Immigrants from South Asia

The overwhelming majority of South Asians — like Sundar Pichai (CEO of Google) and Satya Nadella (CEO of Microsoft) — who came to the United States are members of already wealthy families in their native lands overseas. [1] Consider Indians. Before coming to our country, they often already received a college education in India, where many people are still impoverished and illiterate. These elites come to the United States because they want to obtain lucrative jobs in order to become even wealthier.

Such Indians believe that Indian culture is better than Western culture. (Since they enjoy lives of privilege in India, why would they think otherwise?) They refuse to assimilate into Western society, retain their Indian names, and give Indian names to their children. Such anti-Western immigrants favor celebrating Diwali festival instead of Christmas. They inculcate their children with the anti-Western notion that Indian culture is superior to Western culture.

What is the mentality of immigrants who do assimilate into Western society? Consider the father of Daniel Inouye. Before Daniel Inouye departed for the training camp of the U.S. Army, his father told him, "America has been good to us. It has given me two jobs. It has given you and your sisters and brothers education. We all love this country. Whatever you do, do not dishonor your country. Remember –- never dishonor your family. And if you must give your life, do so with honor." [2]

Who is Daniel Inouye? He is a former senator from Hawaii. His attitude and the attitude of his father toward American society were common among many immigrants who came from Japan and Europe in the first 65 years of the 20th century. [12]

Such a pro-Western attitude does not exist among the millions of more recent immigrants and opportunists (who came to the United States by directly enrolling in an American university) from South Asia. Consider Sikhs from India. With assistance from the Sikh Coalition, they used lawsuits to demand that the Department of Defense (DOD) allow them to maintain a beard and to wear a turban. [3] [4] [5] [6] Consequently, the DOD granted the Sikhs permission to maintain this aspect of their native culture at the expense of Western culture. [8] [9] [10] [11] Additional Sikhs with assistance from (again) the Sikh Coalition are now demanding that the United States Military Academy stop requiring them to wear the traditional, ceremonial hat during military parades. [7]

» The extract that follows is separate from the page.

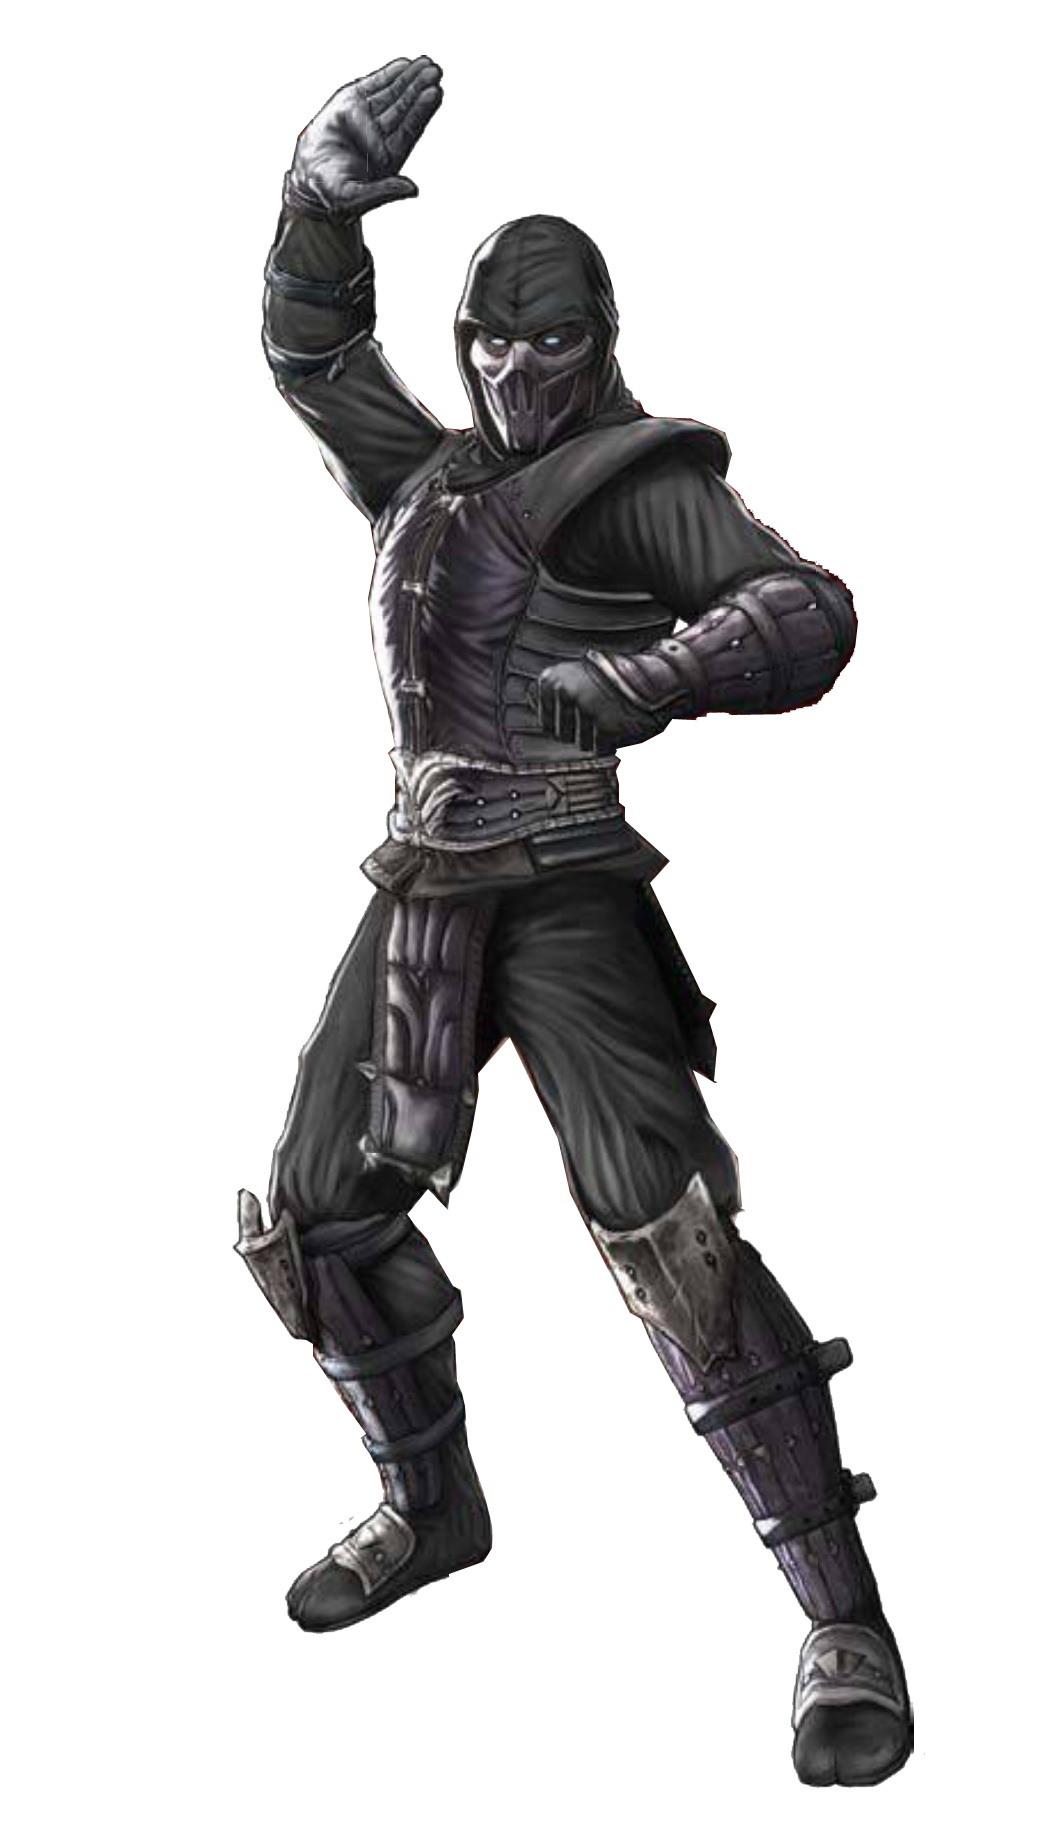 Bi Han The Mortal Kombat Wiki Noob Saibot Sub Zero Mortal Kombat Mortal Kombat

South Asians view ordinary Americans of European (or East Asian) ancestry with arrogance and scorn. When South Asians run companies in Silicon Valley, they clamor for H-1B visas even when there are thousands of unemployed, ordinary Americans who are ready to work.

The presence of South Asians damages Western society.

note
1. "A model minority: How Indians triumphed in America", "The Economist", 2016 November 26.
2. "Daniel Inouye: A Japanese American Soldier's Valor in World War II", National Park Service, U.S. Department of the Interior.
3. Kevin Lilley, "Sikh Army captain sues DoD to keep beard, turban", "Army Times", 2016 March 1.
4. Corey Dickstein, "Sikh soldier’s lawsuit stops Army test; seeks to keep beard, turban", "Stars and Stripes", 2016 March 1.
5. Kevin Lilley, "3 Sikh soldiers file lawsuit to keep beards, turbans", "Army Times", 2016 March 29.
6. Corey Dickstein, "Sikh Army enlistees file lawsuit seeking beard, turban exemptions", "Stars and Stripes", 2016 March 30.
7. Lorraine Bailey, "Sikh Cadets Object to Wearing West Point ‘Tar Bucket’ ", 2017 August 14.
8. Dave Philipps, "Sikh Captain Says Keeping Beard and Turban Lets Him Serve U.S. and Faith", 2016 April 1.
9. Corey Dickstein, "Army grants 3 Sikh enlistees beard, turban exemptions", 2016 April 11.
10. Frances Kai-Hwa Wang, "Army Grants Accommodations to 3 Sikh-American Soldiers to Serve with Turbans, Beards", 2016 April 12.
11. Corey Dickstein, "More bearded, turbaned Sikhs join Army as Pentagon reviews religious articles ban", 2017 February 24.
12. In an op-ed published by KQED Radio, Misa Sugiura stated that her parents embraced assimilation into Western society. "When my parents came to America in the late 60s, they came prepared to embrace a brand new life. Instead of a trunk full of old Japanese holiday traditions, they came with an empty calendar to fill with new American ones." This attitude differs starkly from the attitude of the typical South Asian.